A tale proposito, “oltre alla prevenzione primaria attiva è fondamentale anche quella secondaria - ossserva Ennio Lubrano di Scorpaniello, vicepresidente Sir - Per arrestare il decorso, ed evitare l’aggravamento delle malattie, sono cruciali una diagnosi precoce e la tempestiva presa in carico da parte dello specialista. A differenza di alcuni tumori, per le malattie reumatologiche non sono disponibili programmi di screening. È importante sensibilizzazione la popolazione sui primi campanelli d’allarme che devono far pensare all’esordio di una patologia. Da questi bisogna arrivare il prima possibile ad una visita e ad esami diagnostici come, ad esempio, alcuni test ematochimici. In particolare vi è il dosaggio degli indici bioumorali di infiammazione e degli autoanticorpi. Tra l’imaging ha invece assunto grande importanza l’ecografia muscoloscheletrica come esame di primo livello”. Infine, “vi è la prevenzione terziaria che si pone l’obiettivo di gestire e migliorare la qualità della vita del paziente e vuole anche contenere gli esiti ed il progressivo danno causato delle malattie reumatologiche - sostiene Carlomaurizio Montecucco, presidente di Fira, Fondazione italiana per la ricerca in reumatologia - Le strategie disponibili sono diverse e comprendono alcuni trattamenti farmacologici avanzati, la riabilitazione, la complicata gestione del dolore e più in generale un supporto continuo e qualificato al paziente. Anche nell’evitare complicanze e ricadute della malattia un ruolo importante è quello degli stili di vita. L’attività fisica, un’alimentazione sana, il controllo del peso corporeo, la cessazione del fumo o un consumo limitato di alcol sono tutti fattori che influiscono sul decorso della patologia”.

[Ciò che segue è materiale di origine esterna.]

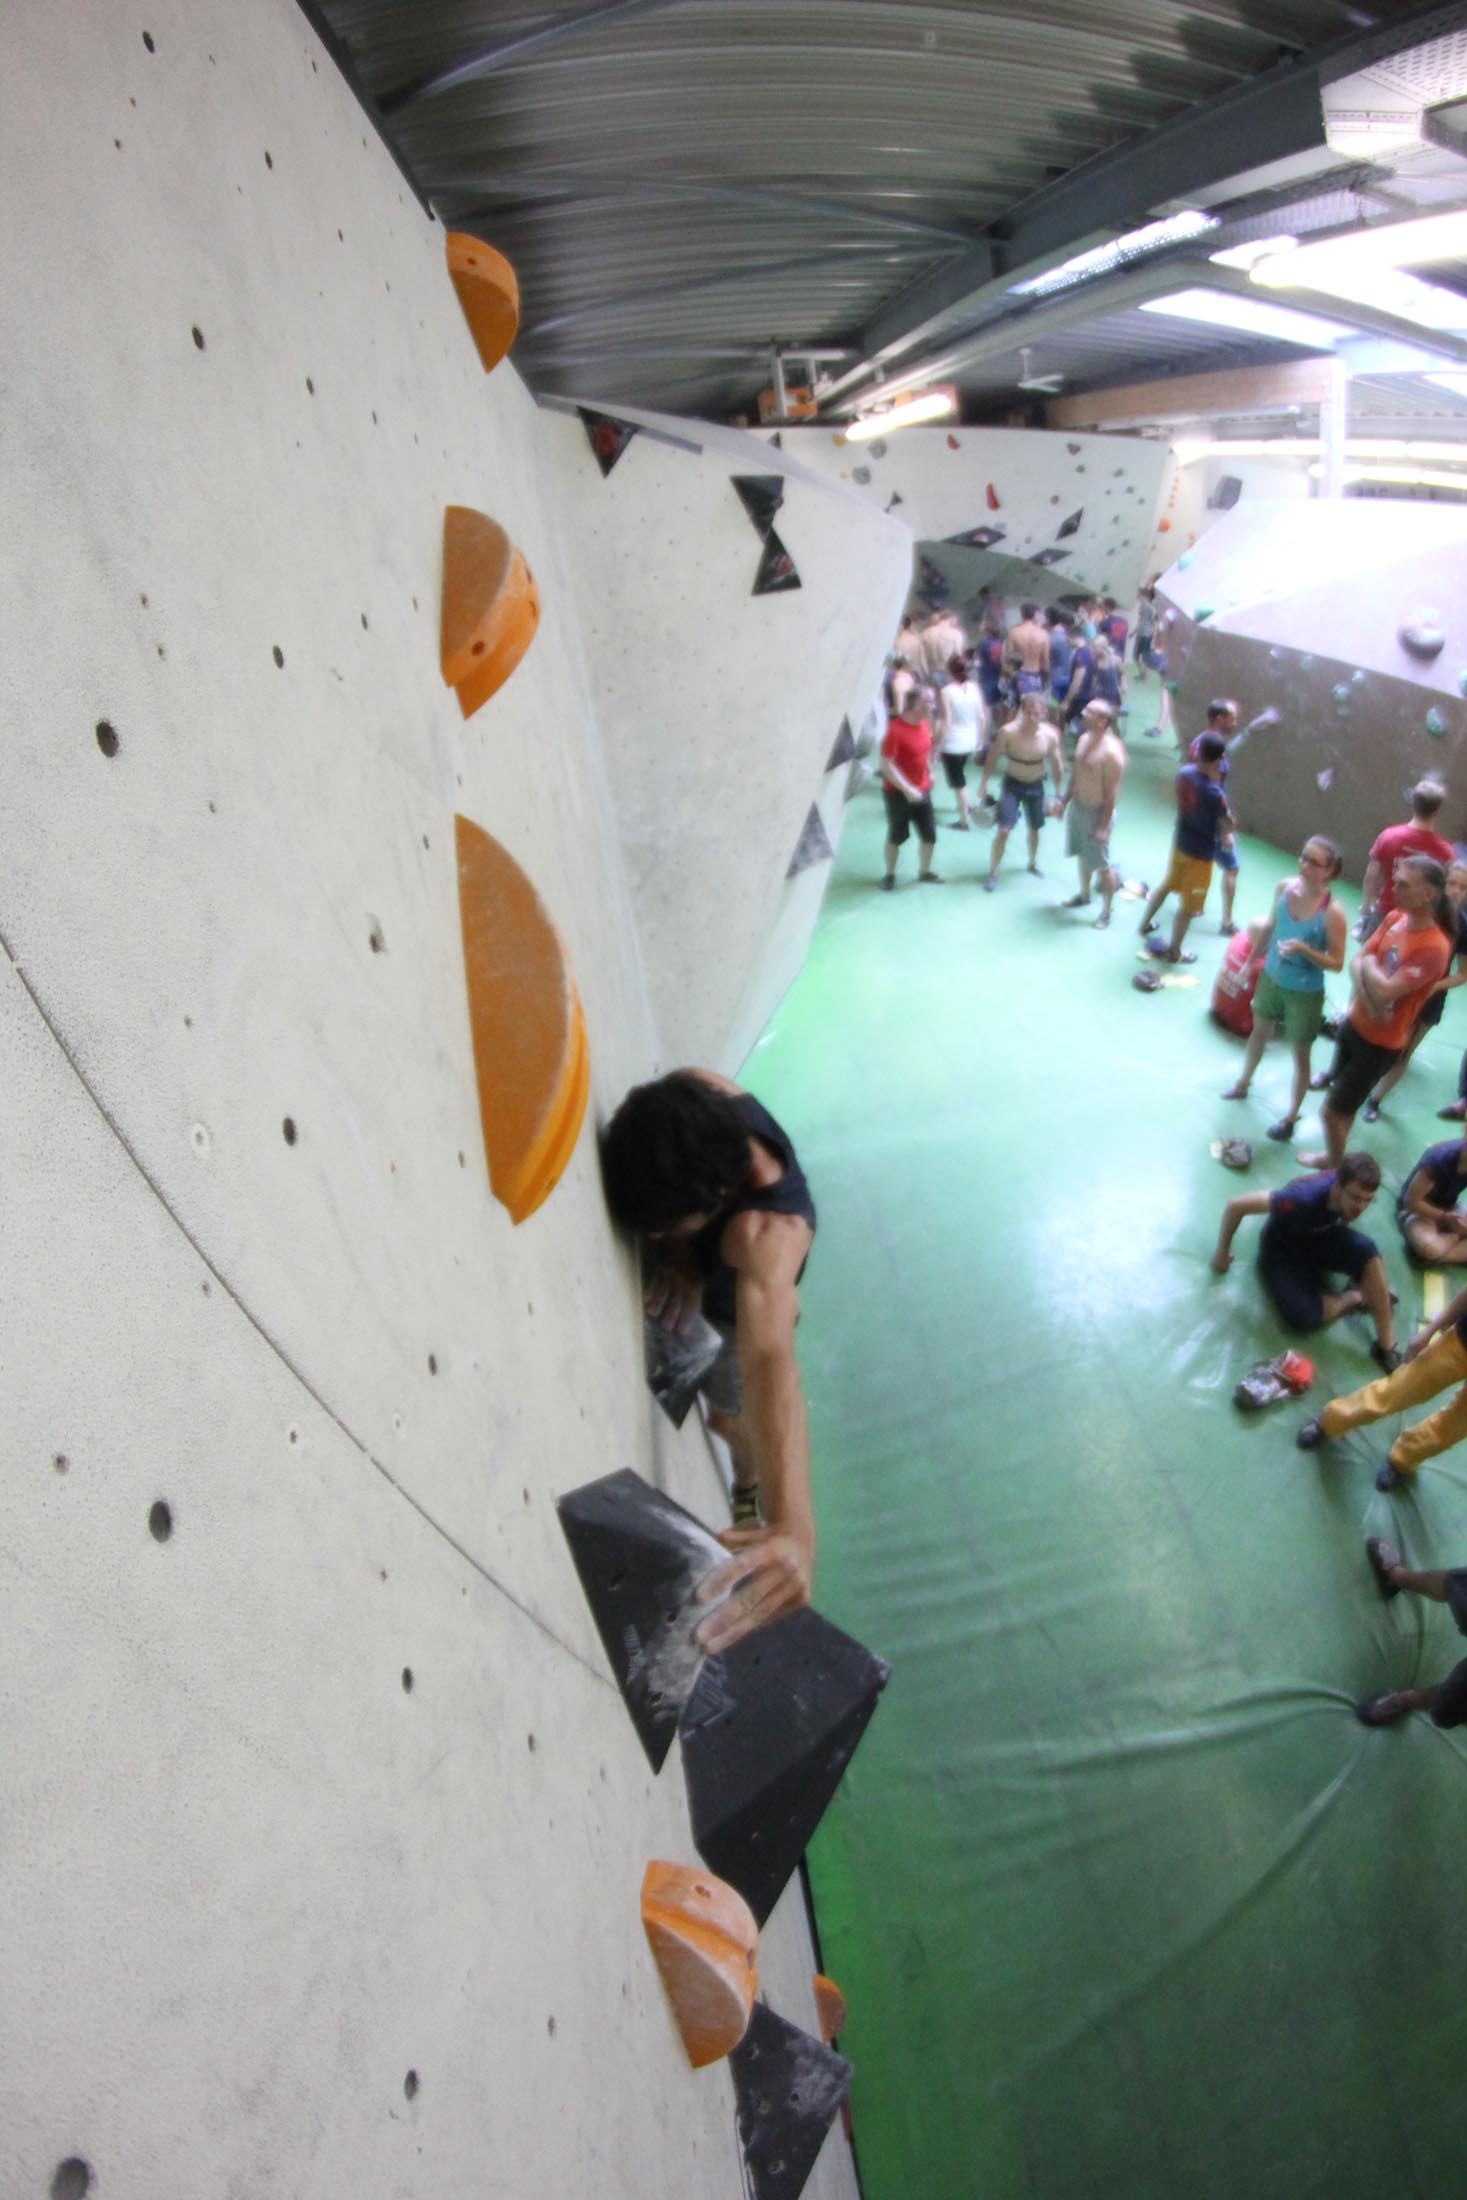 Quali, internationaler bouldercup Frankenjura 2016, BLOCKHELDEN Erlangen, Mammut, Bergfreunde.de, Boulderwettkampf07092016165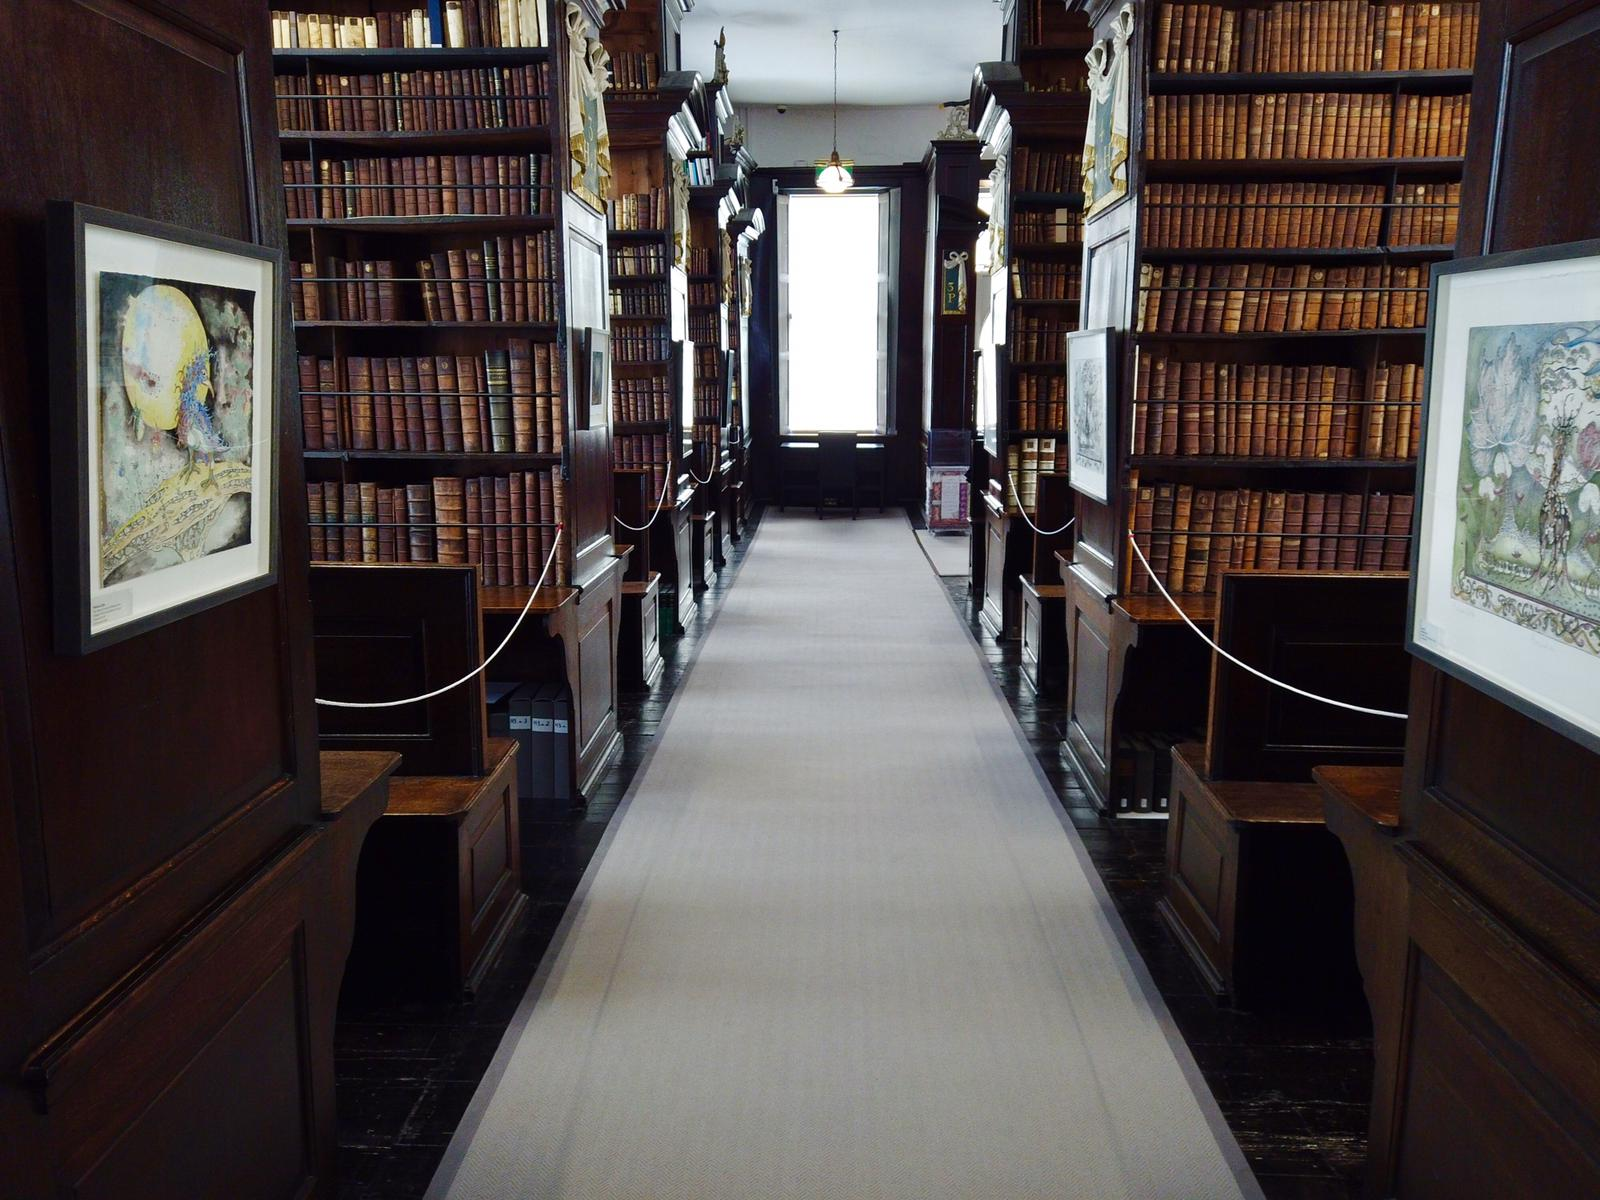 MARSH Library Dublino

Il 61.esimo congresso nazionale della Sir vede per tre giorni riuniti a Rimini oltre 1.500 specialisti da tutta Italia. Sono previsti più di 160 relatori per un totale di 60 sessioni e 8 Hands On. “Il programma scientifico, del nostro più importante meeting, prevede momenti di approfondimento dedicati a tutte le principali malattie - conclude Sebastiani - In reumatologia registriamo continui e rapidissimi progressi scientifici a livello clinico-diagnostico ma anche nello studio della patogenesi. Si rende perciò necessario un aggiornamento costante e di elevata qualità ed è compito della nostra Società Scientifica garantirlo a tutti i professionisti che lavorano nel nostro Paese”.